> [INPUT]:

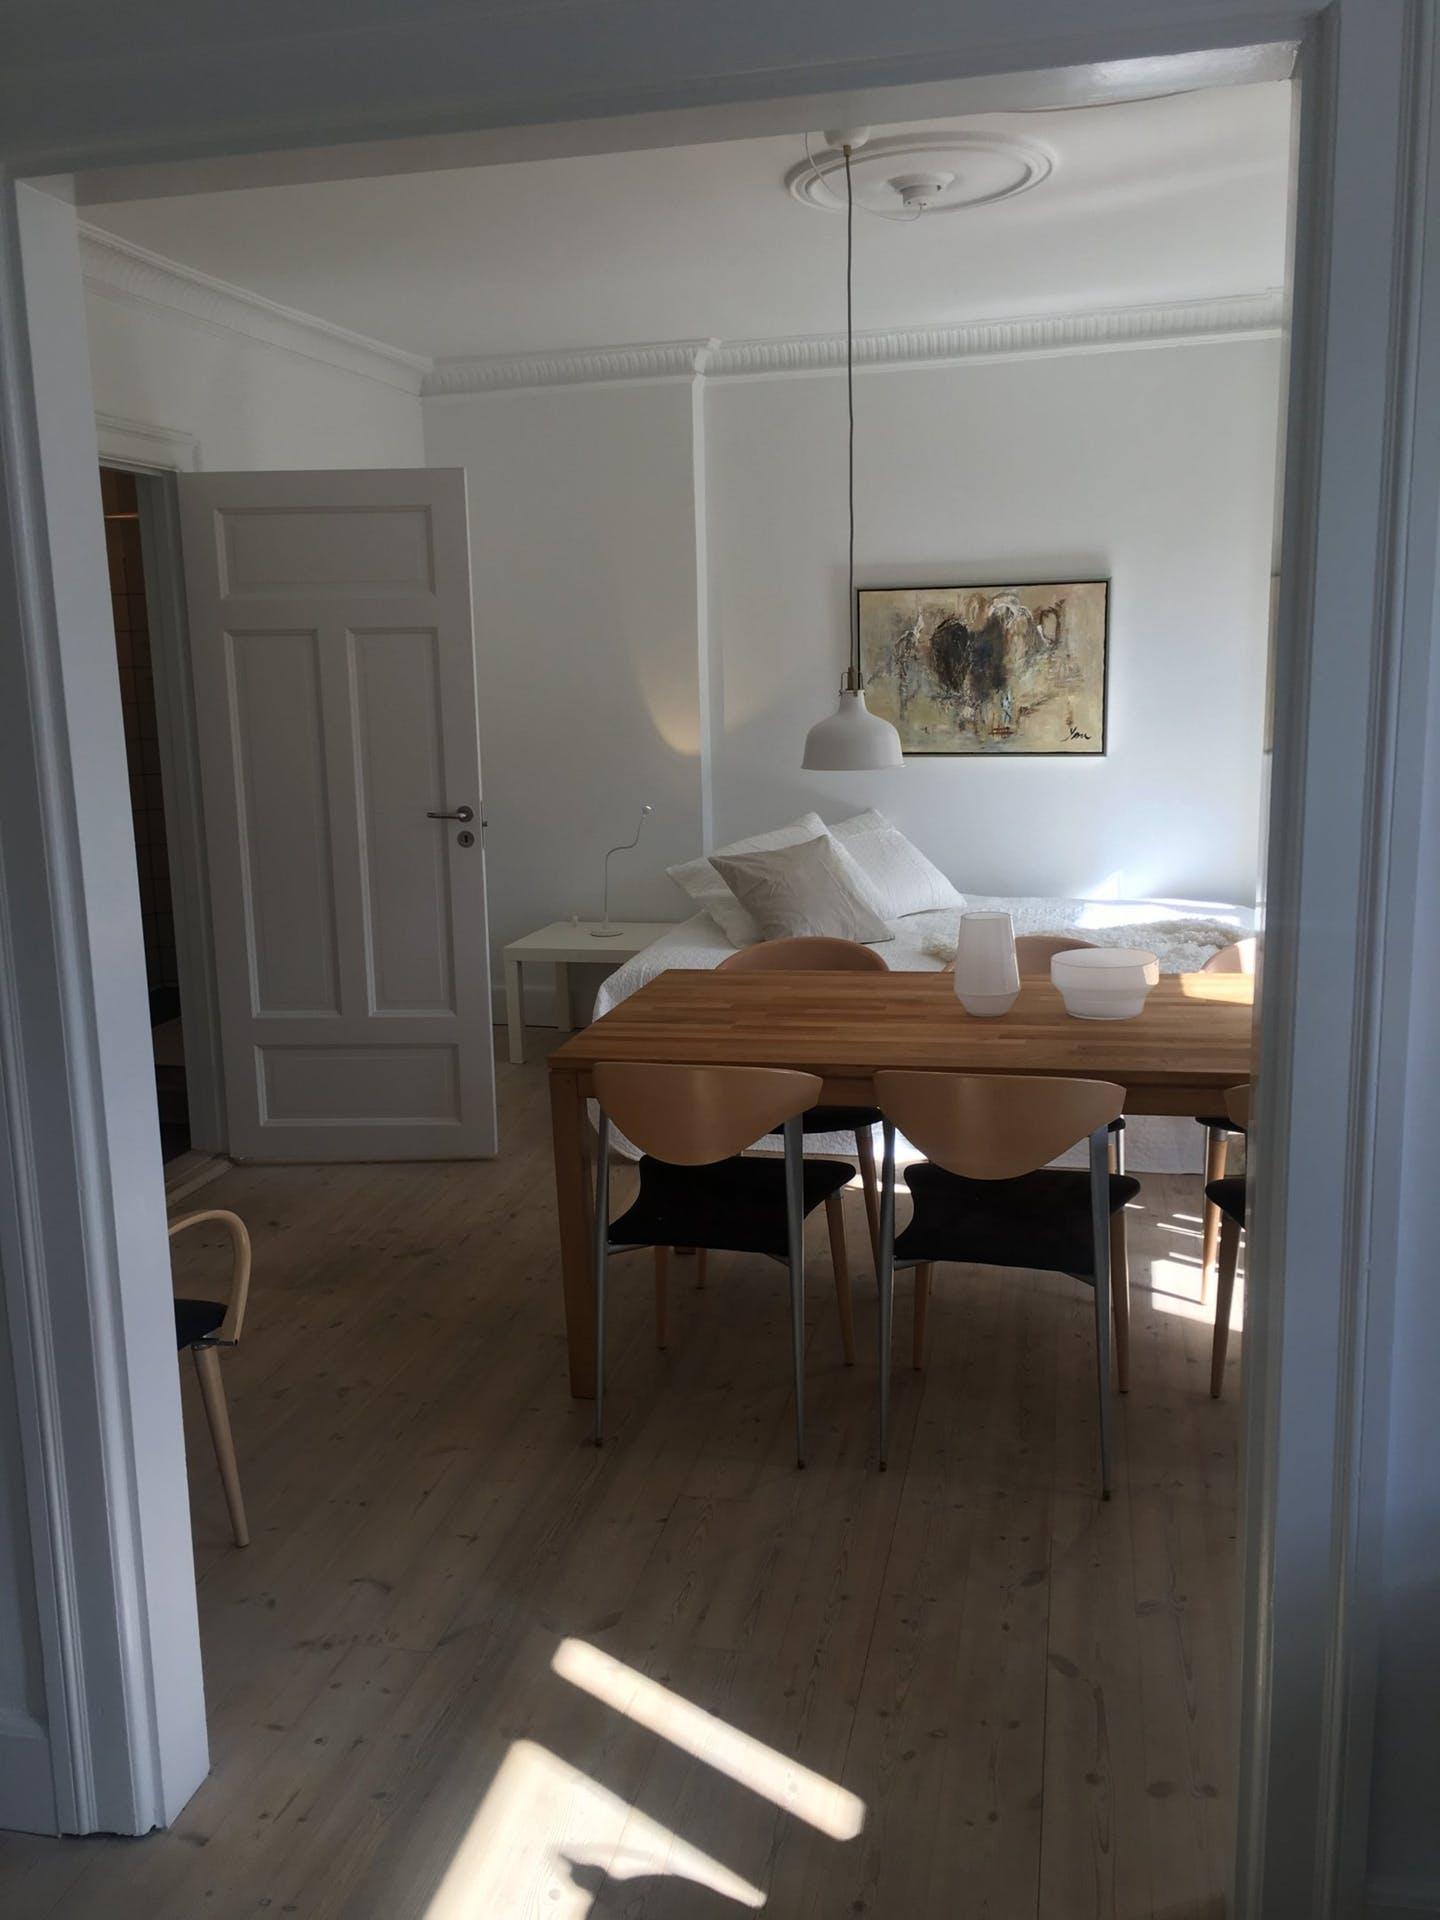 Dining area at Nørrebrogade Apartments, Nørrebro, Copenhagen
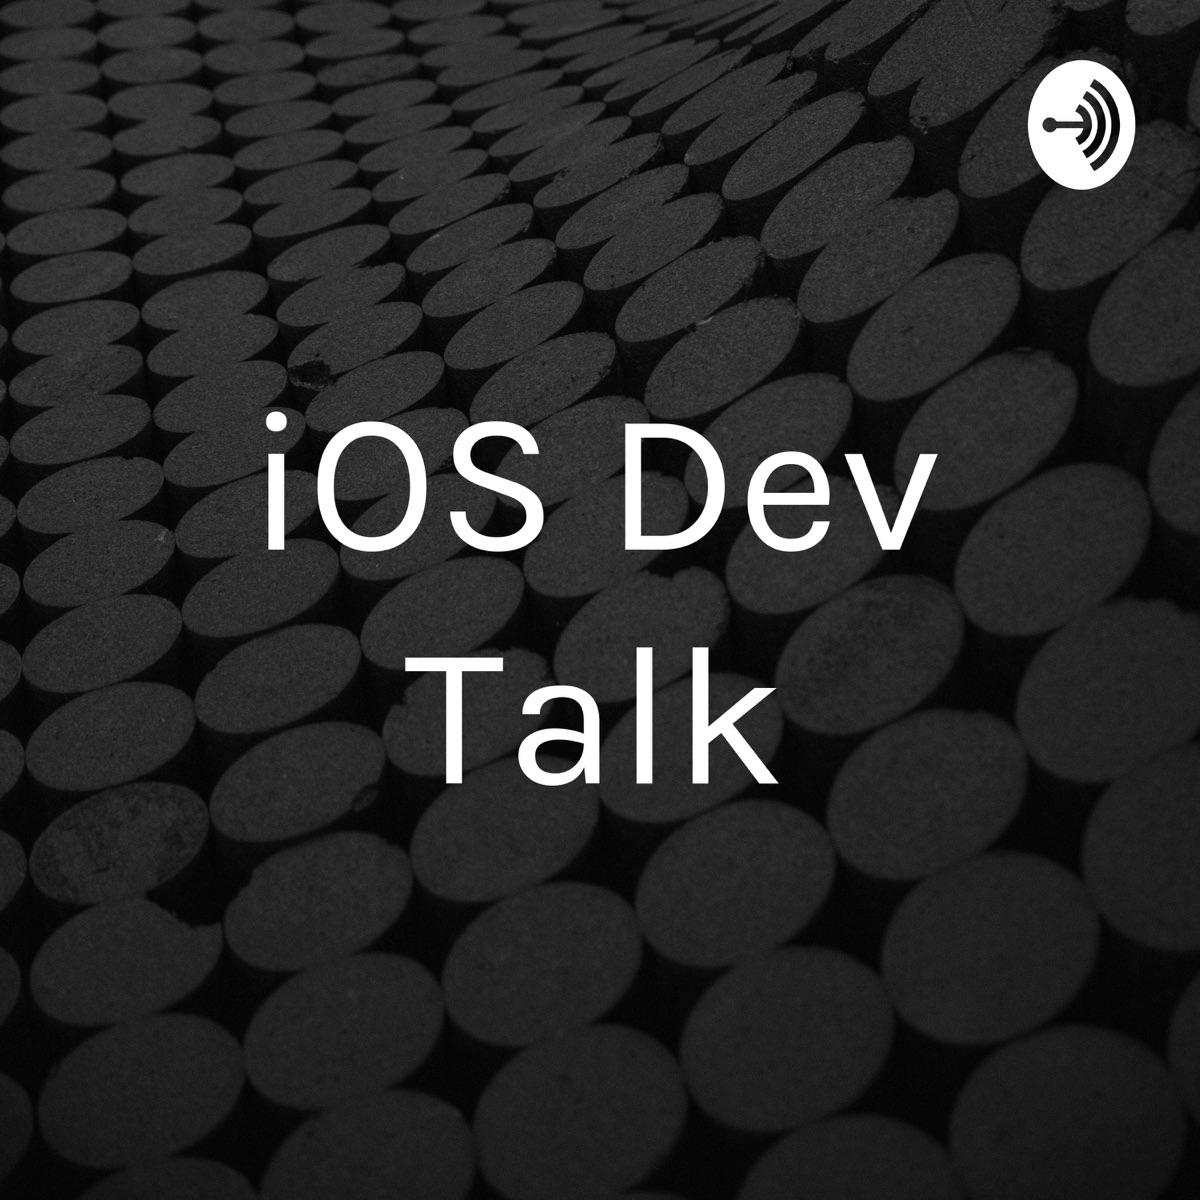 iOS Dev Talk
...
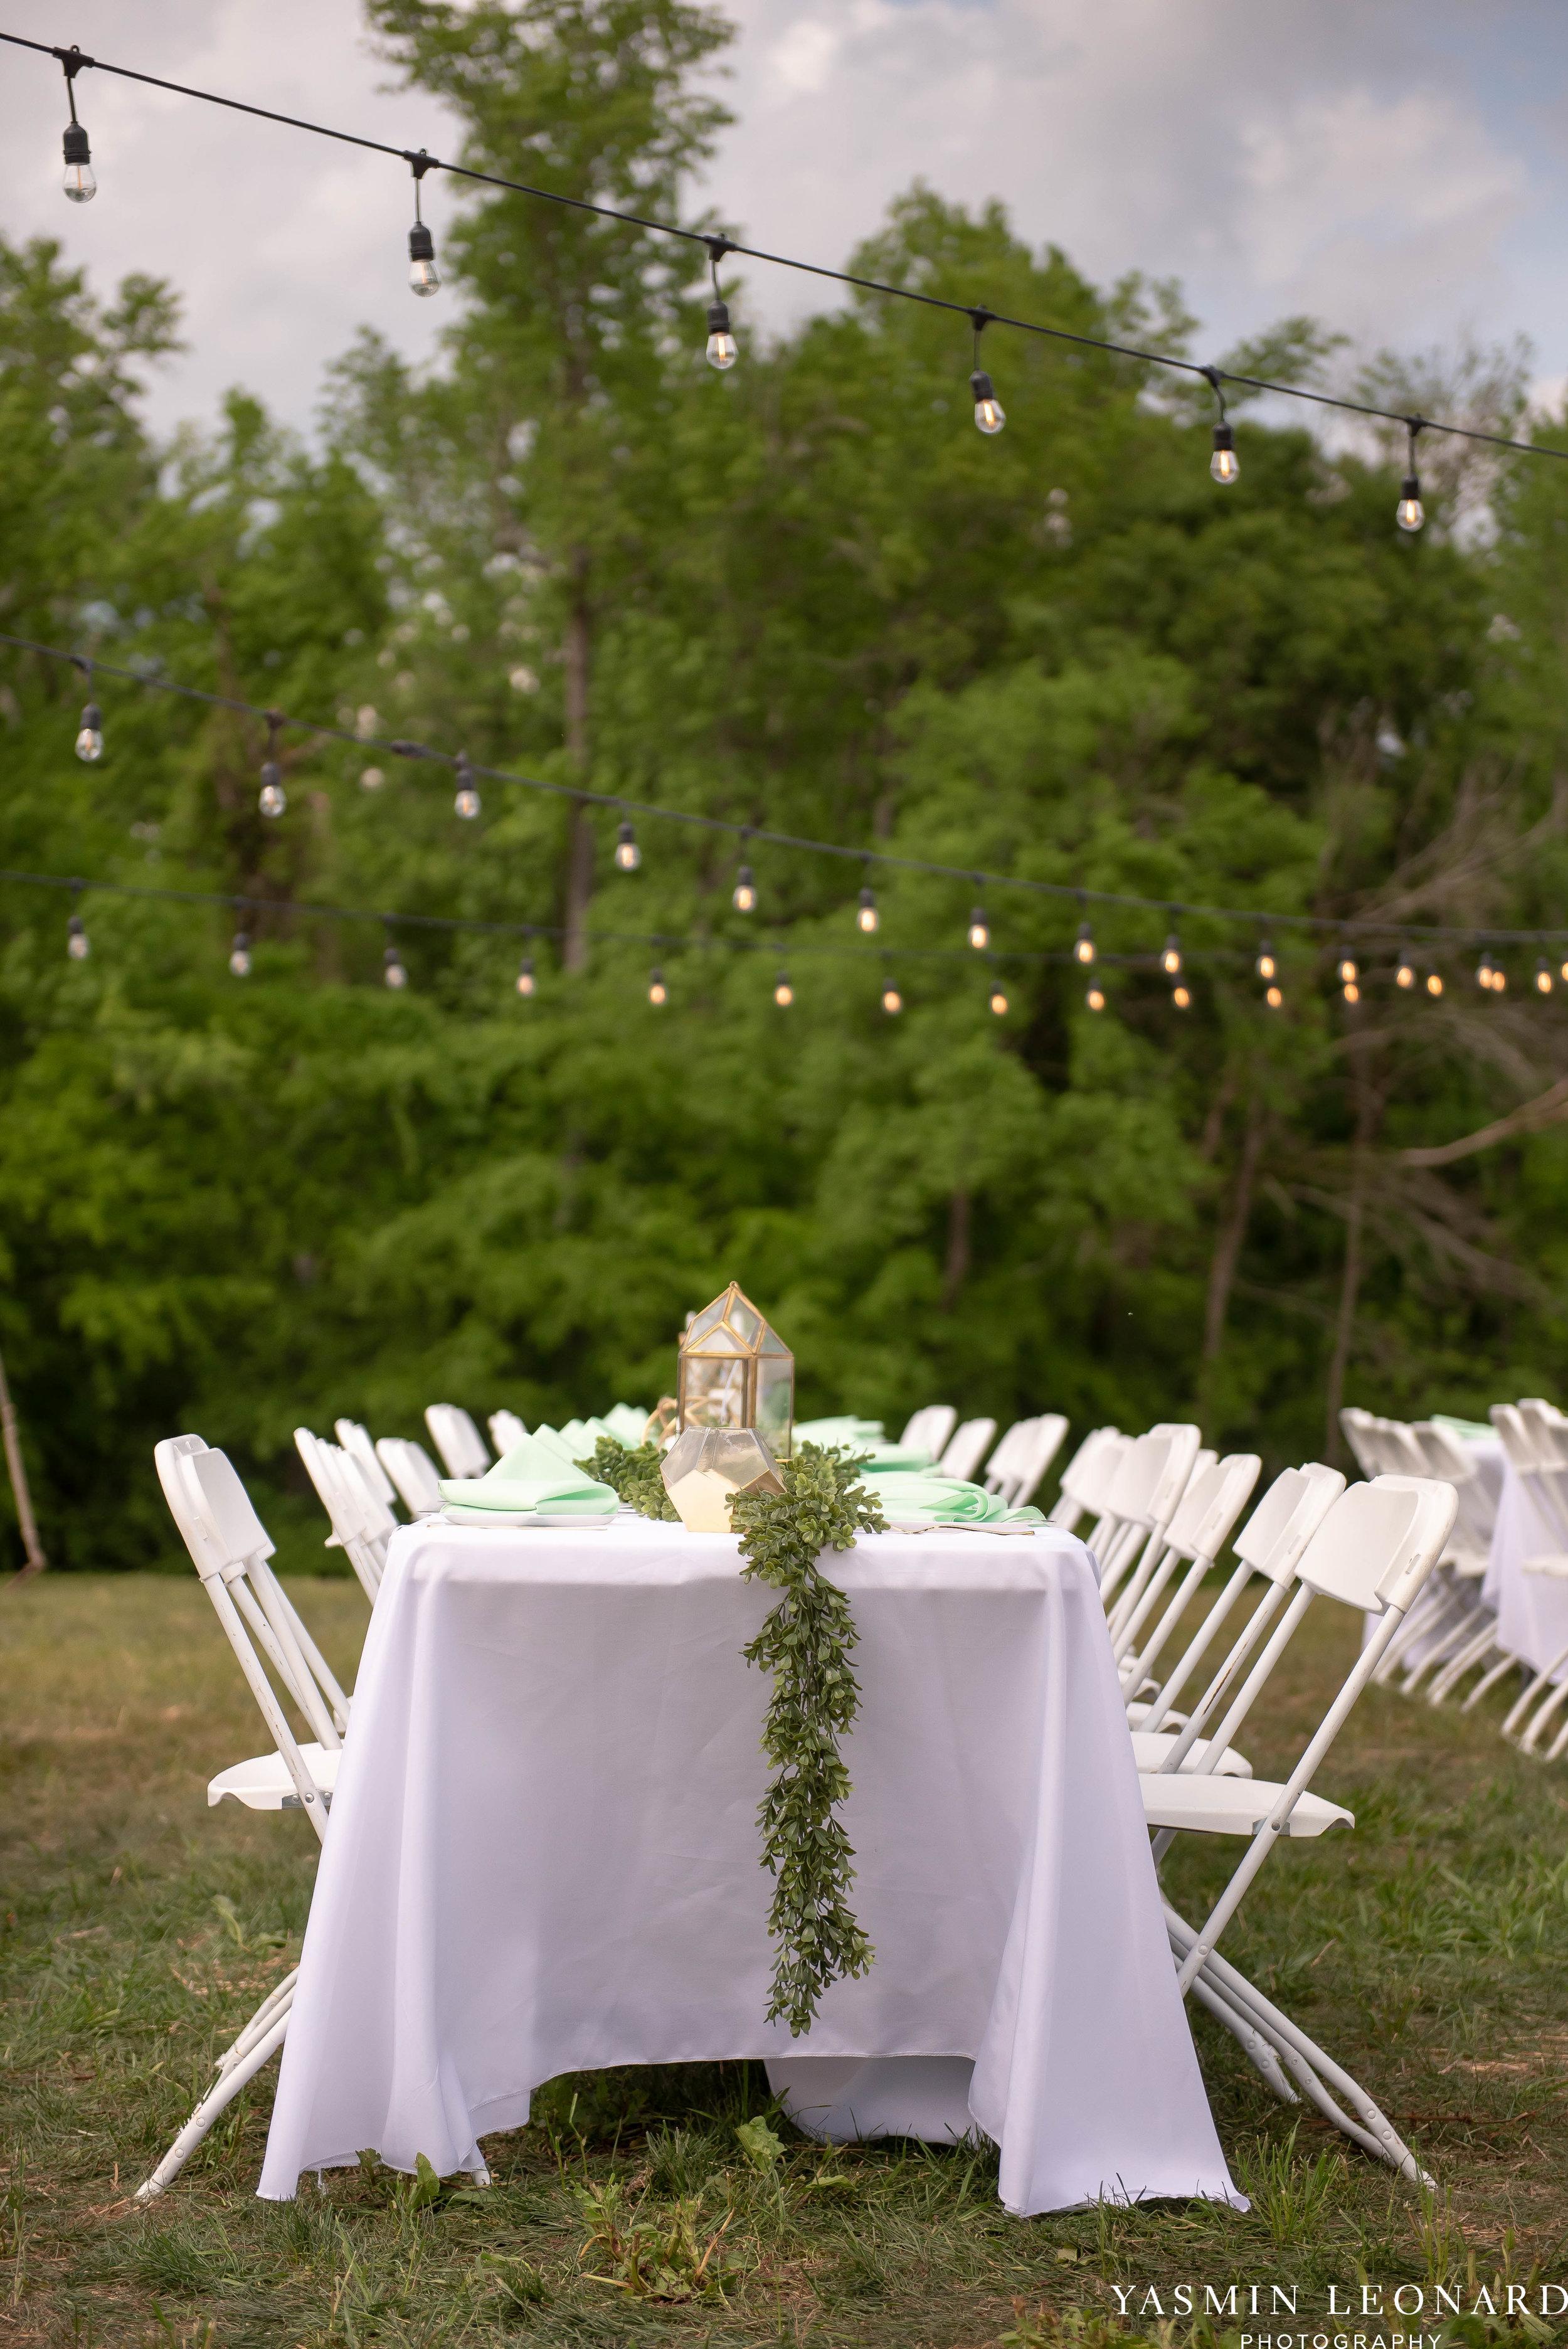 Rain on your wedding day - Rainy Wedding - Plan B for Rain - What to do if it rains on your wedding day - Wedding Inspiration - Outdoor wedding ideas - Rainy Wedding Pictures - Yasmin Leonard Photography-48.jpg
* * *
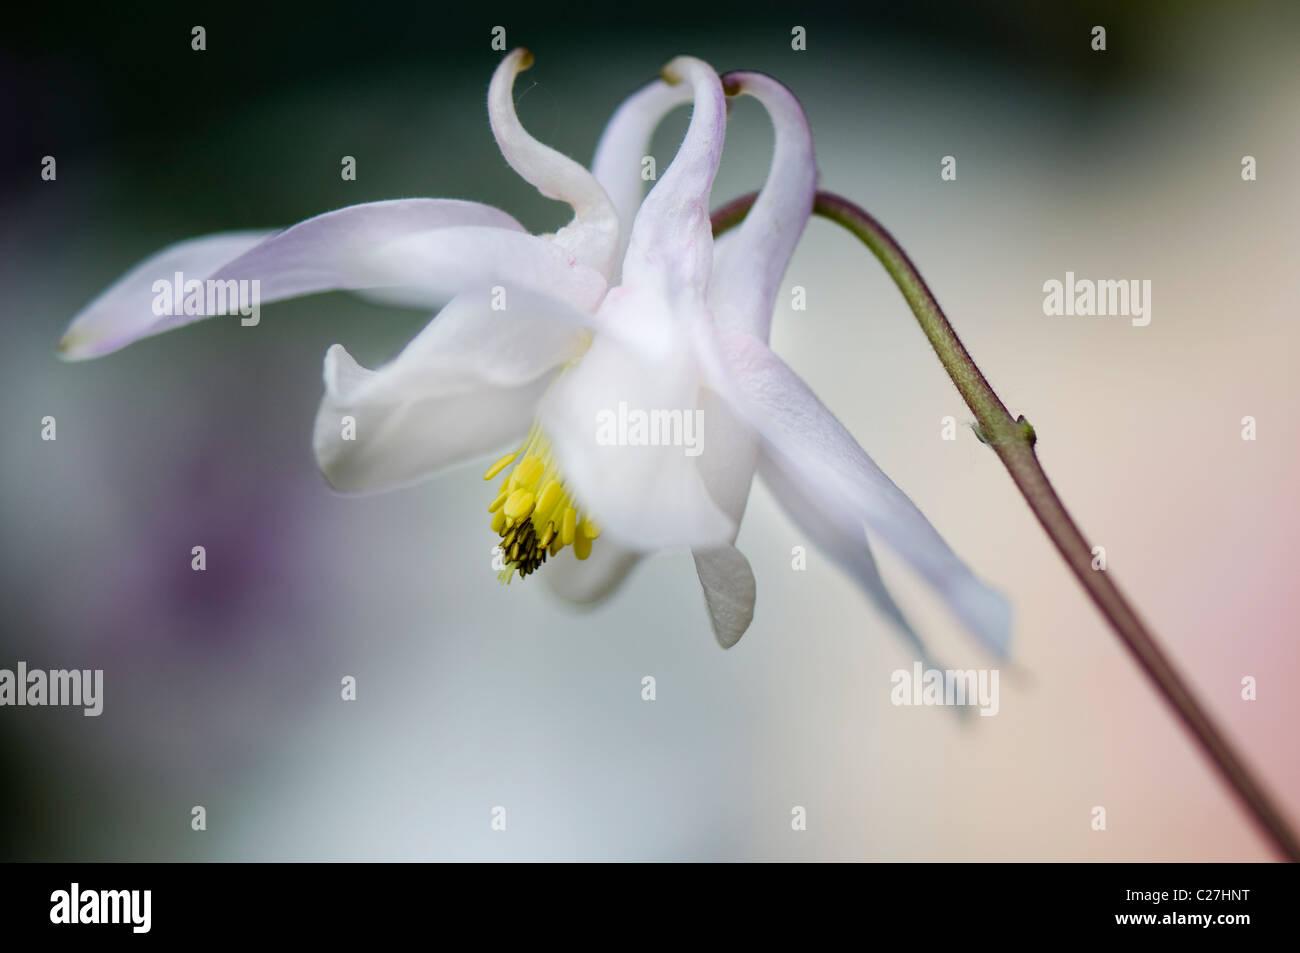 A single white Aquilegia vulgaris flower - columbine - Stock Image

> [WHAT YOU SHOULD DO]: Nothing except the lines from the one containing "Dining area at" through the one containing "iOS Dev Talk" should appear in the answer, exactly as above and without pictures.

> [WRITTEN RESPONSE]:
 Dining area at Nørrebrogade Apartments, Nørrebro, Copenhagen
 iOS Dev Talk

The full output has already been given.